Neuroscience in the Nursery – Screen Time and Young Children

SEPTEMBER 2024

Neuroscience in the Nursery 

Screen time has been a trending topic lately, on the back of a movement to ban smartphones from classrooms where they’ve been gaining the upper hand in the battle for students’ attention.  Even if your child is a toddler (or younger), you’ve likely had questions about screen time yourself since, chances are, your child already has logged some impressive screen time experience. And if you’re like most parents, you’re hopeful that all this screen time is educational – or at least not harmful, because you’re immensely grateful for the break it gives you. We have thoughts.

Today’s Topic:  Screen Time and Young Children – Much Still to Learn

Image by freepik

Questions about the developmental impact of screen time have sparked an enormous amount of research since the advent of TV. A search for articles on screen time in PubMed®, the NIH’s database of peer-reviewed biomedical and life sciences research, produces nearly 40,000 articles, many of those produced in the wake of the pandemic, reflecting concern over the increased time children of all ages were spending on digital screens, particularly during lockdowns. 

Coming from a neuroscience perspective, we have a few observations about the existing body of work on screen time, specifically as it relates to young children, that we want to bring to your attention:

1)    Researchers are playing catch-up. Much of the research is dated, especially that contained in the systematic and scoping reviews that distill findings from studies spanning one or more decades. This would be less of an issue if the nature of childhood screen time had remained static over the years. However, screen content, devices, and behavior have changed considerably over time, including the use of tablets and smartphones by very young kids.   We don’t yet know if this kind of digital screen use – in the high daily “dosages” that are becoming a norm even at very early ages – differs measurably (positively or negatively) from TV screen viewing. As the UK Royal College of Paediatrics and Child Health says, applying current research to develop guidelines “to apply to today’s children and young people [is difficult] as their use of screens is evolving so rapidly.1  

 2)    We are short on longitudinal research addressing how children today engage with digital screens. The preponderance of existing research is cross-sectional, meaning it compares outcomes in children and adolescents at a specific point in time. While helpful in identifying associations, cross-sectional studies lack the power of longitudinal research, which tracks changes over time to determine causality. Indeed, one big unanswered question is what will be different in the brains of kids born today due to the prolonged period that they will spend with digital devices. Young brains are highly plastic, that is, very susceptible to change from the experiences to which they’re exposed. Today, many two-and-unders are engaging with mobile devices; by the time they start school, they will have had years of digital exposure. Their parents would benefit from a scientifically informed understanding of how prolonged early childhood experience with digital screen time impacts – for better or worse – structural brain development. Unfortunately, longitudinal studies examining the cognitive, social, and physical impacts of the extensive and persistent screen time engaged in by today’s young children have yet to be completed (and in many cases even initiated). 

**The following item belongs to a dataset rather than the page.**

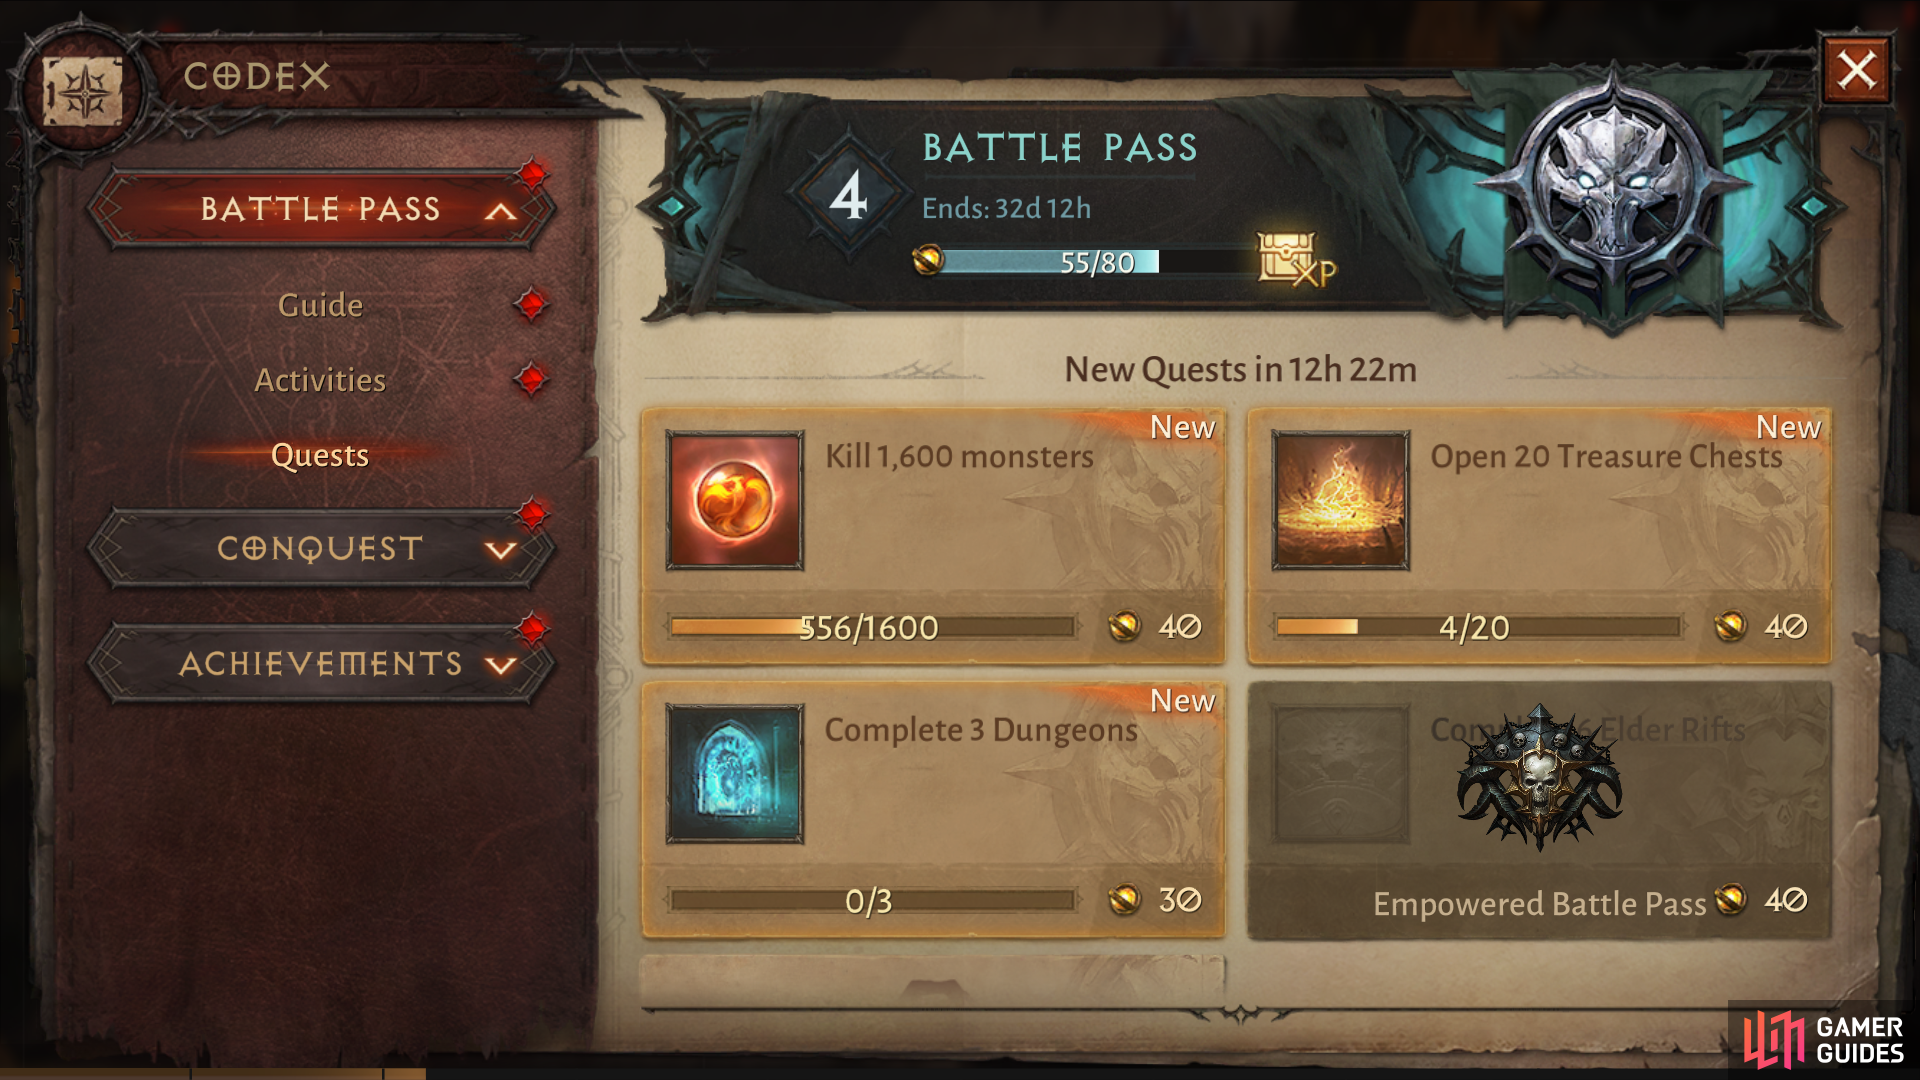 Ended day 1 of Diablo Immortal at level 38, with 3 legendary items and 19.5  on the Battle Pass. What a great game! I'm glad to have a launch day  account. How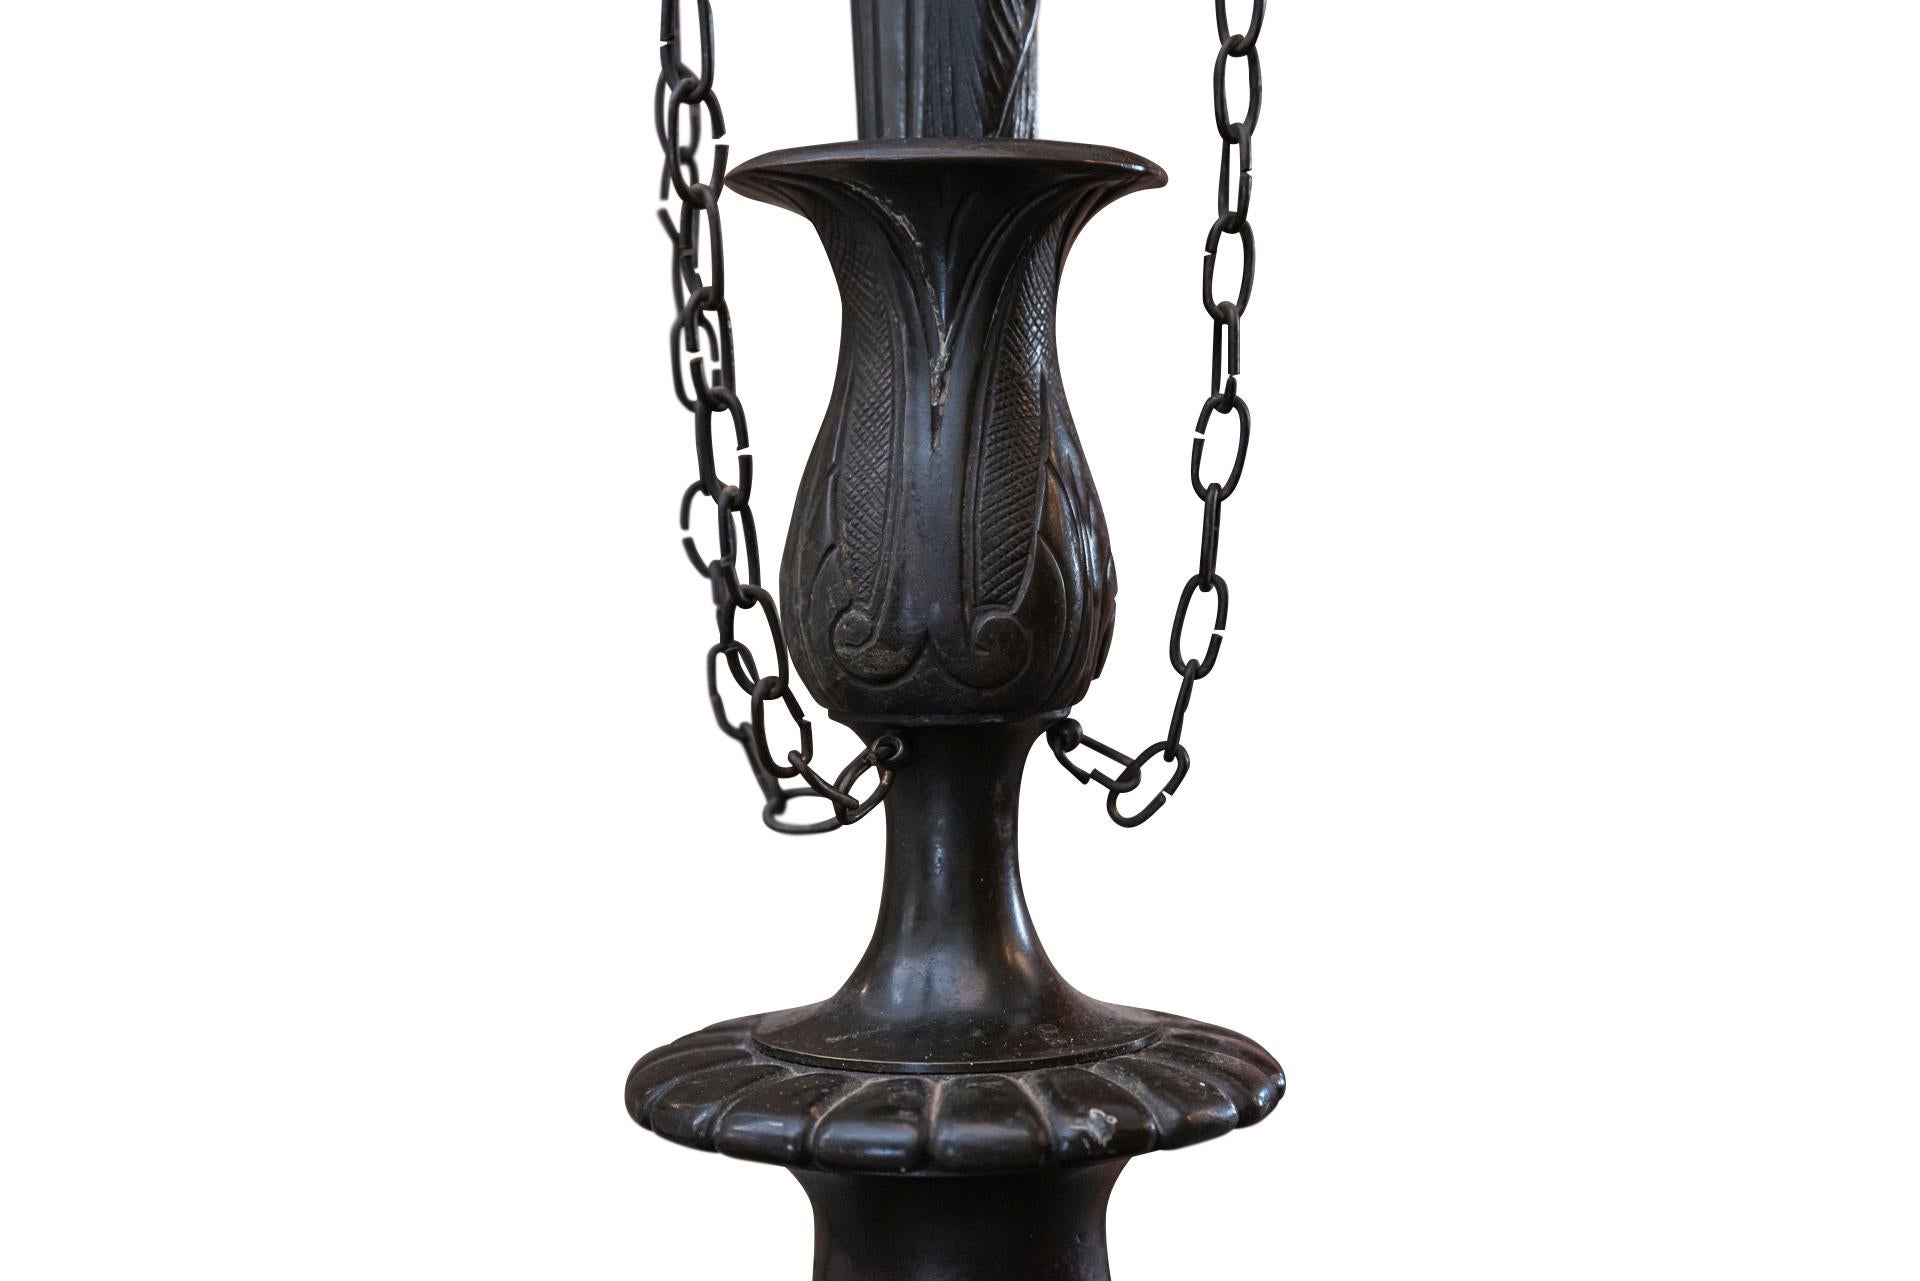 Bronze Neoclassical Style Floor Lamp in the Style of the Antique, circa 1920, France

 3)    Screen time is a very slippery slope . . . that only gets steeper as kids age. If you are having trouble limiting your little one’s time with digital devices (research suggests that many parents find it challenging to wrest their young kids away from a digital screen), wait until they hit thirteen.

Experts Say. . . 

Screen time recommendations from pediatric organizations are pretty consistent; the ones below are widely supported and, with the caveats noted, seem generally sensible. That said, as a whole, they’re not all that satisfying, so we highly recommend staying abreast of the topic. As research proceeds, we expect more specific guidance on managing your child’s digital screen time to best support their development.

 

  • Keep content developmentally appropriate. There’s not a lot of specificity to this recommendation except that the content should be age-appropriate (with that determination left up to parents) and non-violent. Video chatting is often noted as a preferred format (although that’s never as good as IRL talk). From a neuroscience perspective, we’d like to see much more attention given to what constitutes suitable content. Studies on older children using apps in constrained circumstances show both positive and negative results – and we certainly need more conclusive work in this area. But there’s still not a lot of research on the impact of app use by children under five. That’s a miss given the extensive brain development that children under five are experiencing and the potential risk to that development posed by, say, playing games whose characteristics (time limits, scores/levels, rewards and penalties) produce elevated cortisol levels on a persistent basis or impair a child’s ability to self-regulate. Is there a long-term negative impact from regular exposure of toddlers to these games? We don’t know, but we hope that further research will give parents greater clarity than they have now.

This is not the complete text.